## EXERCISE
From the line with "WhiteBIT - FC" through the line with "College of Education", inclusive, return each line of the data below exactly and leave the rest out.

[Opening SUPPLIED RECORDS section]

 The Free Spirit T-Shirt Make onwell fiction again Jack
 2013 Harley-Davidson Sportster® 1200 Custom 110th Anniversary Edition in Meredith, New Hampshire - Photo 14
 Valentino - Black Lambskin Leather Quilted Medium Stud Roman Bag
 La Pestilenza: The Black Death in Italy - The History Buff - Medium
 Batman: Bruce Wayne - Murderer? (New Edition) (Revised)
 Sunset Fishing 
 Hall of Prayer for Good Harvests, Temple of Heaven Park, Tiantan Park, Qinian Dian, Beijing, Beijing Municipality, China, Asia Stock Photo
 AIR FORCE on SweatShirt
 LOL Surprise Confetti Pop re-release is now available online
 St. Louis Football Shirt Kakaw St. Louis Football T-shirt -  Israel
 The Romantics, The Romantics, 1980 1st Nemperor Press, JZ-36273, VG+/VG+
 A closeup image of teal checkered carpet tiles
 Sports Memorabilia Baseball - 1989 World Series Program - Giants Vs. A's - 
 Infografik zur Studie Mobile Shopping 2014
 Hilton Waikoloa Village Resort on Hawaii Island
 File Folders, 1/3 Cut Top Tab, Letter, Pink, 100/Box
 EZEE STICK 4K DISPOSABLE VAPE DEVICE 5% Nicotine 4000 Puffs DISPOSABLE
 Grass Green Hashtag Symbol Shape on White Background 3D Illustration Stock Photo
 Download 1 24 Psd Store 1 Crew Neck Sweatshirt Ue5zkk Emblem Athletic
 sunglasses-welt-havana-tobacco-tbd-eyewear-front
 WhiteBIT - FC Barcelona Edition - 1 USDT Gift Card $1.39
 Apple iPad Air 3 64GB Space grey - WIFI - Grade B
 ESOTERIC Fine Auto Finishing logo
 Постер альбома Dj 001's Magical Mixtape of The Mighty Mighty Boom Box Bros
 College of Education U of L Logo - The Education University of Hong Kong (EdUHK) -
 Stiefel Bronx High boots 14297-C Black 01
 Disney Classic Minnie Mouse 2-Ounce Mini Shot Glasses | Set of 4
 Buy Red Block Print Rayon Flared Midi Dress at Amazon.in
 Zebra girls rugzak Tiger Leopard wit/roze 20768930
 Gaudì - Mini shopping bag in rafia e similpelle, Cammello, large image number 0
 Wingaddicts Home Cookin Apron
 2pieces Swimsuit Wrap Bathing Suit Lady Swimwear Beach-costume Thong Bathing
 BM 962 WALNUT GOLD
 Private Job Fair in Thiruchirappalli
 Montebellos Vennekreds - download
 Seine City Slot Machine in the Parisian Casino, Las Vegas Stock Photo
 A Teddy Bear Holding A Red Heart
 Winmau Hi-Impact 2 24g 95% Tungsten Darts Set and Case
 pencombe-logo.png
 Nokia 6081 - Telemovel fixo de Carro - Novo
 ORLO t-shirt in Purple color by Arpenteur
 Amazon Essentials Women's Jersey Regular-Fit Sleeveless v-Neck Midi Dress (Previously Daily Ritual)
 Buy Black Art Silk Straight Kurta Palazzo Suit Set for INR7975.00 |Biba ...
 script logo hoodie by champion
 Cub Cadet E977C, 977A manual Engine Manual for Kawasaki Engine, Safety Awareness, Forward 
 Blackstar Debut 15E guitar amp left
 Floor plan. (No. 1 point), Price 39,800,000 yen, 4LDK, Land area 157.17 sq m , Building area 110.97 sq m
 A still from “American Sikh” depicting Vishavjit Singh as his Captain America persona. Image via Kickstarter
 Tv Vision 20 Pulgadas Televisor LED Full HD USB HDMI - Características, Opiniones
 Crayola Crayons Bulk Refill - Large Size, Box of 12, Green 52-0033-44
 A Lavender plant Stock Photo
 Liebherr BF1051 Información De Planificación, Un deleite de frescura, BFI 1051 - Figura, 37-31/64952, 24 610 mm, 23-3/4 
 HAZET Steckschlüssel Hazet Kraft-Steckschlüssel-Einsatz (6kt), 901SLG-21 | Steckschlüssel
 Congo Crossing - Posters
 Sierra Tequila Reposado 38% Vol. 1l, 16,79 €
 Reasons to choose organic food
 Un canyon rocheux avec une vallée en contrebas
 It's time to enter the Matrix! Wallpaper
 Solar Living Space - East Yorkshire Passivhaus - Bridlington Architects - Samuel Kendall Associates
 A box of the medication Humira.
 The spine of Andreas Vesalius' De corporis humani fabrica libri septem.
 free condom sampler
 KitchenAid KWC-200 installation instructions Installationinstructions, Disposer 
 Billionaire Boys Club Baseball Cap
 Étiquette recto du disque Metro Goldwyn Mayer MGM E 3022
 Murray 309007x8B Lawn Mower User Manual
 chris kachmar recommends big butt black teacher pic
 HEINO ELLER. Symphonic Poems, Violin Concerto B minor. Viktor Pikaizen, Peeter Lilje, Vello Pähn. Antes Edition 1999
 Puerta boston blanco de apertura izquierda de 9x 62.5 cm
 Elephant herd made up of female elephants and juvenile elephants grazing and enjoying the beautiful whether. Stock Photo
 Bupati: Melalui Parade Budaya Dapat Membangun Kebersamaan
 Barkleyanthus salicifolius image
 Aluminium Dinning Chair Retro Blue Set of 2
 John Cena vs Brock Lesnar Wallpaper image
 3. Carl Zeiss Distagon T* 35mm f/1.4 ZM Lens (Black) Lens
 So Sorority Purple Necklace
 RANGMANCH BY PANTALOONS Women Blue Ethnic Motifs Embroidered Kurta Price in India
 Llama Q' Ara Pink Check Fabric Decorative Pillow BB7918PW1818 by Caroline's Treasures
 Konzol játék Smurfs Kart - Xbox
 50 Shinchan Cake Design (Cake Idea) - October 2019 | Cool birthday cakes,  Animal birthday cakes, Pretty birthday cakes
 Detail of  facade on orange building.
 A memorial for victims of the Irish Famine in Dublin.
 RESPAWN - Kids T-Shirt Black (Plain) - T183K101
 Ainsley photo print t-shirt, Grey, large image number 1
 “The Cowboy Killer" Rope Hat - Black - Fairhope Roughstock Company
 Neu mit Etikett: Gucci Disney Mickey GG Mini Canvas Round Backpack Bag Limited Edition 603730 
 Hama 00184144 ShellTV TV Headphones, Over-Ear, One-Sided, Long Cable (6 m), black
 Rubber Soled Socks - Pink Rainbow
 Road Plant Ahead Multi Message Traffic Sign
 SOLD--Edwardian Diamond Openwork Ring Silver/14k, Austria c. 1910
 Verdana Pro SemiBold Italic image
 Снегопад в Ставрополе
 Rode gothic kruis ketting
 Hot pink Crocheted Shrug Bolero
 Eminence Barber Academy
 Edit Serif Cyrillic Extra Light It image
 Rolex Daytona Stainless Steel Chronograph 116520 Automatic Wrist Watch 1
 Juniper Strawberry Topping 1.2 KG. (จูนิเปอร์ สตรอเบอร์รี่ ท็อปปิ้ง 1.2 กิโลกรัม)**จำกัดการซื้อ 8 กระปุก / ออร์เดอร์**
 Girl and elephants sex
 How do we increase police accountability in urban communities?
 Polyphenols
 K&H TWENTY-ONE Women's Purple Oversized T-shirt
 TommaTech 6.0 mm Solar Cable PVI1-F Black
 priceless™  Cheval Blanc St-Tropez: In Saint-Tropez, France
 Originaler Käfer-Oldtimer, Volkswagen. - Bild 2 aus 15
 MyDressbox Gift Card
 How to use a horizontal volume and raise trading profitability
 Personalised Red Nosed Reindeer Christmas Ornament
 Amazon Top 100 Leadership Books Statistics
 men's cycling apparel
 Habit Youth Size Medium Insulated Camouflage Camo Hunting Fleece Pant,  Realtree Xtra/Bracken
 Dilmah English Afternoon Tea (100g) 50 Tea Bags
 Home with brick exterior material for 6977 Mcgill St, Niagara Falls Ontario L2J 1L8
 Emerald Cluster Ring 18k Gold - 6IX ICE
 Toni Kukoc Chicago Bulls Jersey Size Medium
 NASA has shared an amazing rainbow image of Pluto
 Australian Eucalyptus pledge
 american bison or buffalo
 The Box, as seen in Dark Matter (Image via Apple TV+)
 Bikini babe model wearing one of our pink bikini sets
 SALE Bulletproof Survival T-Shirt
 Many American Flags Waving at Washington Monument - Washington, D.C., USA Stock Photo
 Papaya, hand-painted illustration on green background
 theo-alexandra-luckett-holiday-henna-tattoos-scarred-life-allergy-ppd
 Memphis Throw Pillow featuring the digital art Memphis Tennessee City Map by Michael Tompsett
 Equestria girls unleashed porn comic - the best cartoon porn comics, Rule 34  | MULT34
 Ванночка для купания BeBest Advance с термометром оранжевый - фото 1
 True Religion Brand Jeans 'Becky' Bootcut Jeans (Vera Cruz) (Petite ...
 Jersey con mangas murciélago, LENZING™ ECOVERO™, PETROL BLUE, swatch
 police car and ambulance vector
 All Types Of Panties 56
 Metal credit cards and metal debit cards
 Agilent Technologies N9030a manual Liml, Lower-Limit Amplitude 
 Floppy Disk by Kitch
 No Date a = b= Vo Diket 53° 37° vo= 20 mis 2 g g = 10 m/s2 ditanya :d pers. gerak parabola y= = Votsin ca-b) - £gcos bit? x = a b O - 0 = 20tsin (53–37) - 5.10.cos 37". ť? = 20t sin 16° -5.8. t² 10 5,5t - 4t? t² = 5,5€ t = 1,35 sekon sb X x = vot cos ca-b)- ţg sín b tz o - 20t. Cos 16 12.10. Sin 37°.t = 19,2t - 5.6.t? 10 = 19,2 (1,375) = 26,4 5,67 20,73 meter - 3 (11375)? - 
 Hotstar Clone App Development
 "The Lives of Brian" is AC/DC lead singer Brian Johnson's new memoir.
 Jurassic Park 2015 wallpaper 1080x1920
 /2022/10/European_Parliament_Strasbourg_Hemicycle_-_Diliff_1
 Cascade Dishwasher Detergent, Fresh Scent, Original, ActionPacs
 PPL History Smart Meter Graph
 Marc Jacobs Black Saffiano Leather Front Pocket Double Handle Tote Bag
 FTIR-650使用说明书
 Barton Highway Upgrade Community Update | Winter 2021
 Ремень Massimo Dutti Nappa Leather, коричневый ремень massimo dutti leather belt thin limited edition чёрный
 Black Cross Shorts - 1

[Closing SUPPLIED RECORDS section]

## EXERCISE RESPONSE
 WhiteBIT - FC Barcelona Edition - 1 USDT Gift Card $1.39
 Apple iPad Air 3 64GB Space grey - WIFI - Grade B
 ESOTERIC Fine Auto Finishing logo
 Постер альбома Dj 001's Magical Mixtape of The Mighty Mighty Boom Box Bros
 College of Education U of L Logo - The Education University of Hong Kong (EdUHK) -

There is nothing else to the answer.